Except, The Natural isn't trying to come across as a realistic baseball film, at all. It is, in fact, quite supernatural. Bernard Malamud's novel is allegorical.

On the train ride after Roy Hobbs strikes out the Whammer, Harriet Bird asks Hobbs if he'd ever read Homer.

Quote:
"Homer lived ages ago, and wrote about heroes and gods. And he would've written about baseball had he seen you out there today."
This is the first point in the movie where Roy Hobbs is likened to a mythical character. She then references Arthurian Legend, invoking the name of Sir Lancelot, Arthur's "greatest knight" that was felled by his uncontrollable desire for Guinevere.

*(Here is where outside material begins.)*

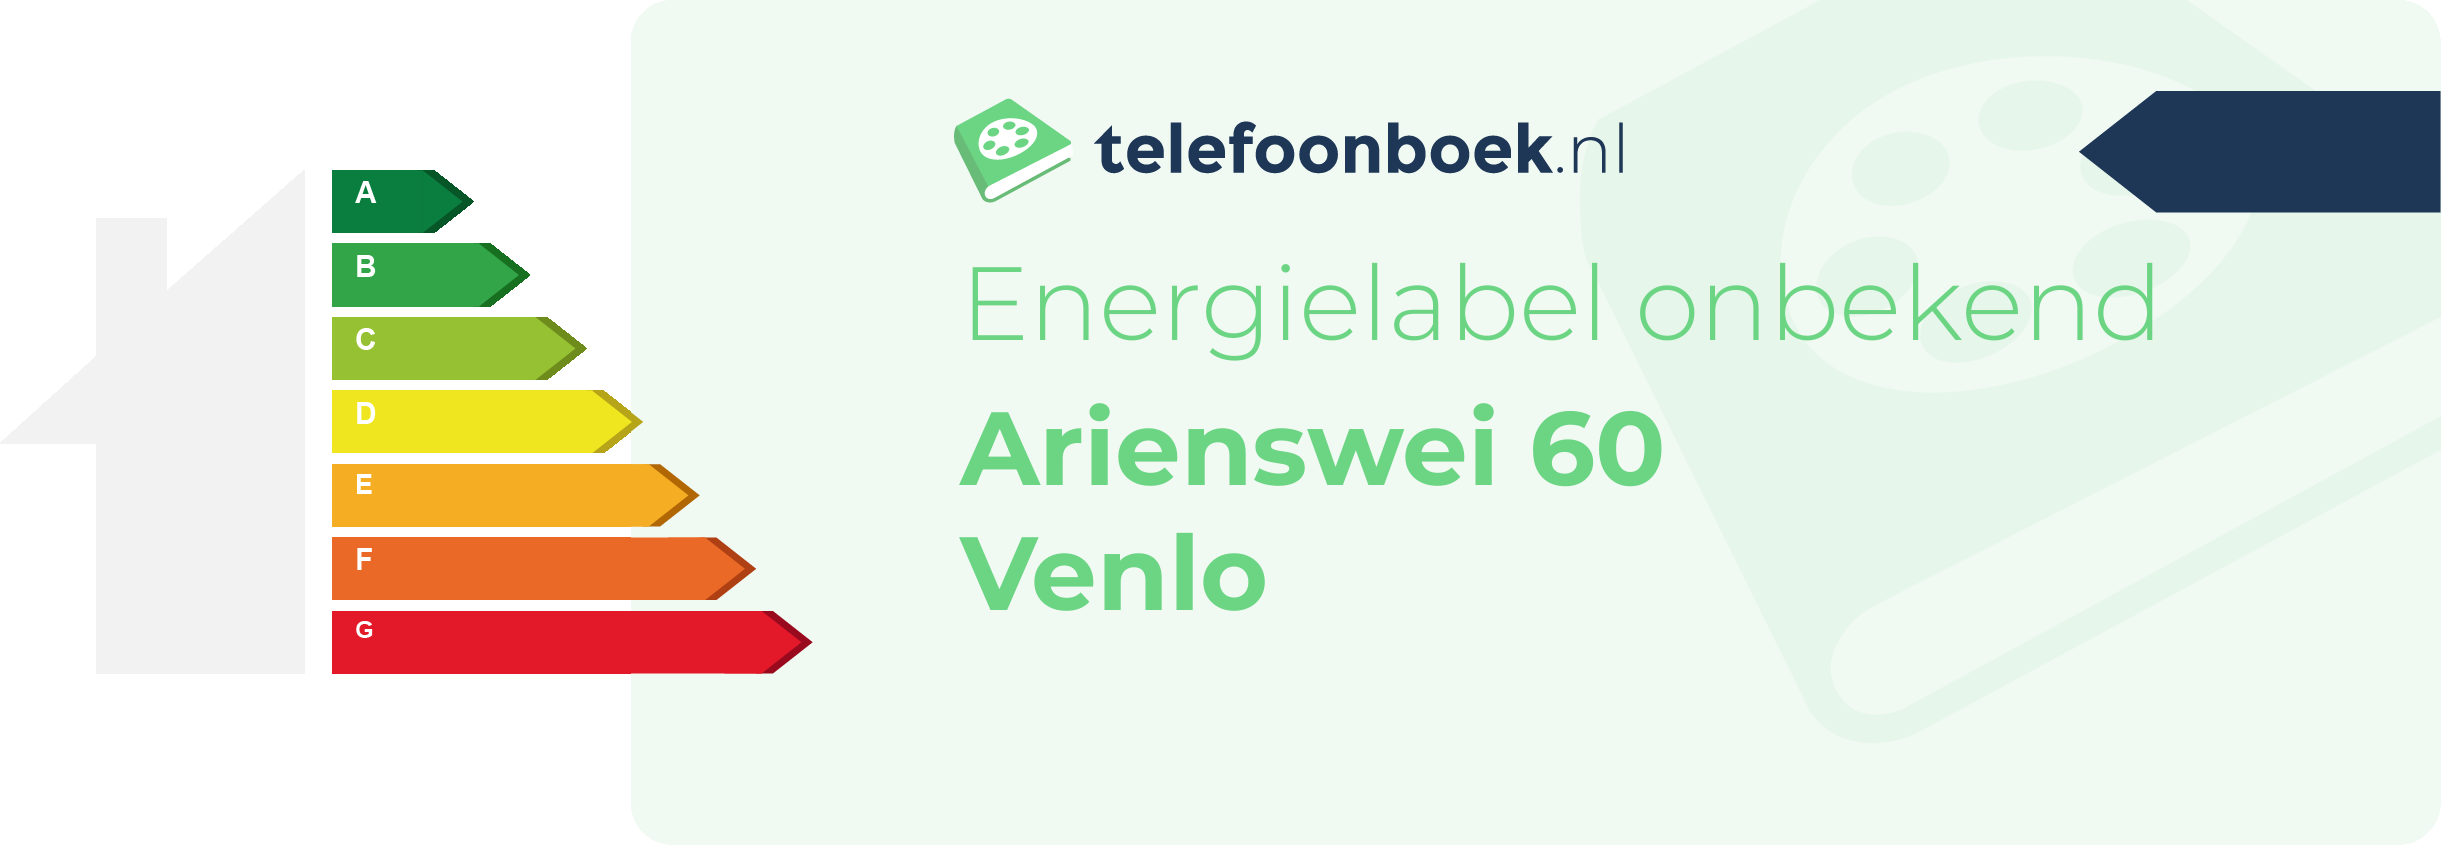 Energielabel Arienswei 60 Venlo

This was his fatal flaw; Roy Hobbs' fatal flaw is hubris.

Hobbs opines that his one and only goal in this life is to achieve baseball immortality:

Quote:
"You know what? Someday, l'll break every record in the book. When I walk down the street, people will say, "There goes Roy Hobbs, the best there ever was."
Hobbs is so focused on achieving baseball legend that everything else in his life falls by the wayside. His relationship with his childhood love, Iris, fades away, even though he promises her that he will call for her after he makes it to the Majors. He later laments that he should have seen Harriet Bird for what she was; his tunnel vision blinded him to how dangerous she was. He'd just heard a story read from a newspaper that two world class athletes had been shot to death, mere days apart.

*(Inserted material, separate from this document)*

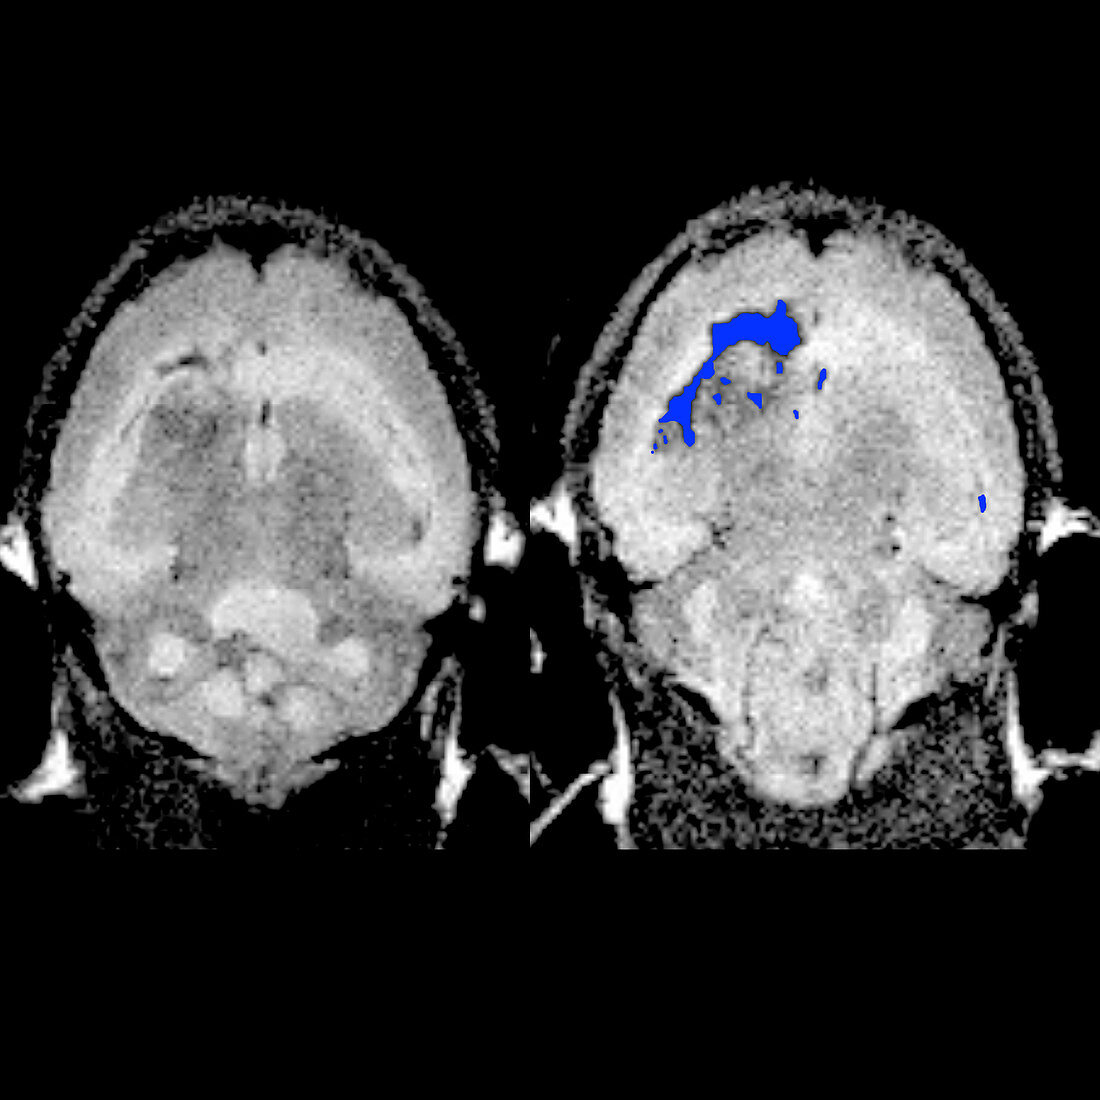 Targeted nanochains in brain cancer, MRI scans

When Roy Hobbs finally makes it to the Major Leagues, nearly two decades after being shot in Harriet Bird's hotel room with a silver bullet (which, in and of itself, carries a magical connotation), he joins the fictitious baseball team the New York Knights. The team name alludes to the heroic Knights of the Round Table. This scene immediately follows the one where Hobbs is shot, and Bird jumps from her hotel window to her death. We've seen Hobbs' fall, and now the hero's reclamation begins.

For his first Major League at bat, Hobbs takes out the bat he made as a boy, from a tree that was split in two by lightning the night after his father died. The young Hobbs etched a lightning bolt on his bat, naming it "Wonder Boy". Manager Pop Fisher tells Hobbs to "knock the cover off the ball." After lightning flashes across the sky, Hobbs swings....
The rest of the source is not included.